Every record must be copied exactly. Leave nothing out.
----- Exercise data
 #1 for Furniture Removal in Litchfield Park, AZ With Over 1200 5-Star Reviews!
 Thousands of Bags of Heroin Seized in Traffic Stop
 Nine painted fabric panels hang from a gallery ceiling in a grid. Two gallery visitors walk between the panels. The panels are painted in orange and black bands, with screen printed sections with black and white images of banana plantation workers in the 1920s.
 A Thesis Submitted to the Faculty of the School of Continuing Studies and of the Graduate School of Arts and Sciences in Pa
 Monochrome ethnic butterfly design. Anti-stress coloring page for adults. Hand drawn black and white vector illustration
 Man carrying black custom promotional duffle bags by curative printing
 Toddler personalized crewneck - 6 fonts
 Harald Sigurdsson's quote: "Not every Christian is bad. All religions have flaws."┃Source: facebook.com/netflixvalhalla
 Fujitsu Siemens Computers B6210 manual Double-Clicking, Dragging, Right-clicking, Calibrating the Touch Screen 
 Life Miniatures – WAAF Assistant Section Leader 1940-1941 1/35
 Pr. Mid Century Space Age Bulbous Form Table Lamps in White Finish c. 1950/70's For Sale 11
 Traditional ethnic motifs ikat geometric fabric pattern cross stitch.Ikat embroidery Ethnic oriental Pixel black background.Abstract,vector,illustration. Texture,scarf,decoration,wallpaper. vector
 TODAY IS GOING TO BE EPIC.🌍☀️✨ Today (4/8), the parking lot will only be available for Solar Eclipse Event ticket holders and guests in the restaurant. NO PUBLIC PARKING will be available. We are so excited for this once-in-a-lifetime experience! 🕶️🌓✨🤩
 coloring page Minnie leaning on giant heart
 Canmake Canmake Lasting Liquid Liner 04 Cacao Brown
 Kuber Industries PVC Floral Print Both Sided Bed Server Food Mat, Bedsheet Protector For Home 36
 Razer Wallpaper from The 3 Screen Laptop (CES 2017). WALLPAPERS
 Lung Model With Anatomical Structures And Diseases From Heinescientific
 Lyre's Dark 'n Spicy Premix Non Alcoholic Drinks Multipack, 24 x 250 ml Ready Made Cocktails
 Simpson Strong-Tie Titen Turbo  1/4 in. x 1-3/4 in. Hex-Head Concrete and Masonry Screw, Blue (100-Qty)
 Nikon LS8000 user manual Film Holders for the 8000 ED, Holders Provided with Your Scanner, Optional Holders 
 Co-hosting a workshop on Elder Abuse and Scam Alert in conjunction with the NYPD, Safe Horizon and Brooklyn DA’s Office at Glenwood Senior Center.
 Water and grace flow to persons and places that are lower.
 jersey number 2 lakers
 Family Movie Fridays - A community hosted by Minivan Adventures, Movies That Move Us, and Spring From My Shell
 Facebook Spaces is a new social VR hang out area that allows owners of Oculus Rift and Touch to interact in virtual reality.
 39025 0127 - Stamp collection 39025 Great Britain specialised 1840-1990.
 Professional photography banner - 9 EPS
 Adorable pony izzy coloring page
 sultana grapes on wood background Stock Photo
----------
▸ Solution to this exercise:
 #1 for Furniture Removal in Litchfield Park, AZ With Over 1200 5-Star Reviews!
 Thousands of Bags of Heroin Seized in Traffic Stop
 Nine painted fabric panels hang from a gallery ceiling in a grid. Two gallery visitors walk between the panels. The panels are painted in orange and black bands, with screen printed sections with black and white images of banana plantation workers in the 1920s.
 A Thesis Submitted to the Faculty of the School of Continuing Studies and of the Graduate School of Arts and Sciences in Pa
 Monochrome ethnic butterfly design. Anti-stress coloring page for adults. Hand drawn black and white vector illustration
 Man carrying black custom promotional duffle bags by curative printing
 Toddler personalized crewneck - 6 fonts
 Harald Sigurdsson's quote: "Not every Christian is bad. All religions have flaws."┃Source: facebook.com/netflixvalhalla
 Fujitsu Siemens Computers B6210 manual Double-Clicking, Dragging, Right-clicking, Calibrating the Touch Screen 
 Life Miniatures – WAAF Assistant Section Leader 1940-1941 1/35
 Pr. Mid Century Space Age Bulbous Form Table Lamps in White Finish c. 1950/70's For Sale 11
 Traditional ethnic motifs ikat geometric fabric pattern cross stitch.Ikat embroidery Ethnic oriental Pixel black background.Abstract,vector,illustration. Texture,scarf,decoration,wallpaper. vector
 TODAY IS GOING TO BE EPIC.🌍☀️✨ Today (4/8), the parking lot will only be available for Solar Eclipse Event ticket holders and guests in the restaurant. NO PUBLIC PARKING will be available. We are so excited for this once-in-a-lifetime experience! 🕶️🌓✨🤩
 coloring page Minnie leaning on giant heart
 Canmake Canmake Lasting Liquid Liner 04 Cacao Brown
 Kuber Industries PVC Floral Print Both Sided Bed Server Food Mat, Bedsheet Protector For Home 36
 Razer Wallpaper from The 3 Screen Laptop (CES 2017). WALLPAPERS
 Lung Model With Anatomical Structures And Diseases From Heinescientific
 Lyre's Dark 'n Spicy Premix Non Alcoholic Drinks Multipack, 24 x 250 ml Ready Made Cocktails
 Simpson Strong-Tie Titen Turbo  1/4 in. x 1-3/4 in. Hex-Head Concrete and Masonry Screw, Blue (100-Qty)
 Nikon LS8000 user manual Film Holders for the 8000 ED, Holders Provided with Your Scanner, Optional Holders 
 Co-hosting a workshop on Elder Abuse and Scam Alert in conjunction with the NYPD, Safe Horizon and Brooklyn DA’s Office at Glenwood Senior Center.
 Water and grace flow to persons and places that are lower.
 jersey number 2 lakers
 Family Movie Fridays - A community hosted by Minivan Adventures, Movies That Move Us, and Spring From My Shell
 Facebook Spaces is a new social VR hang out area that allows owners of Oculus Rift and Touch to interact in virtual reality.
 39025 0127 - Stamp collection 39025 Great Britain specialised 1840-1990.
 Professional photography banner - 9 EPS
 Adorable pony izzy coloring page
 sultana grapes on wood background Stock Photo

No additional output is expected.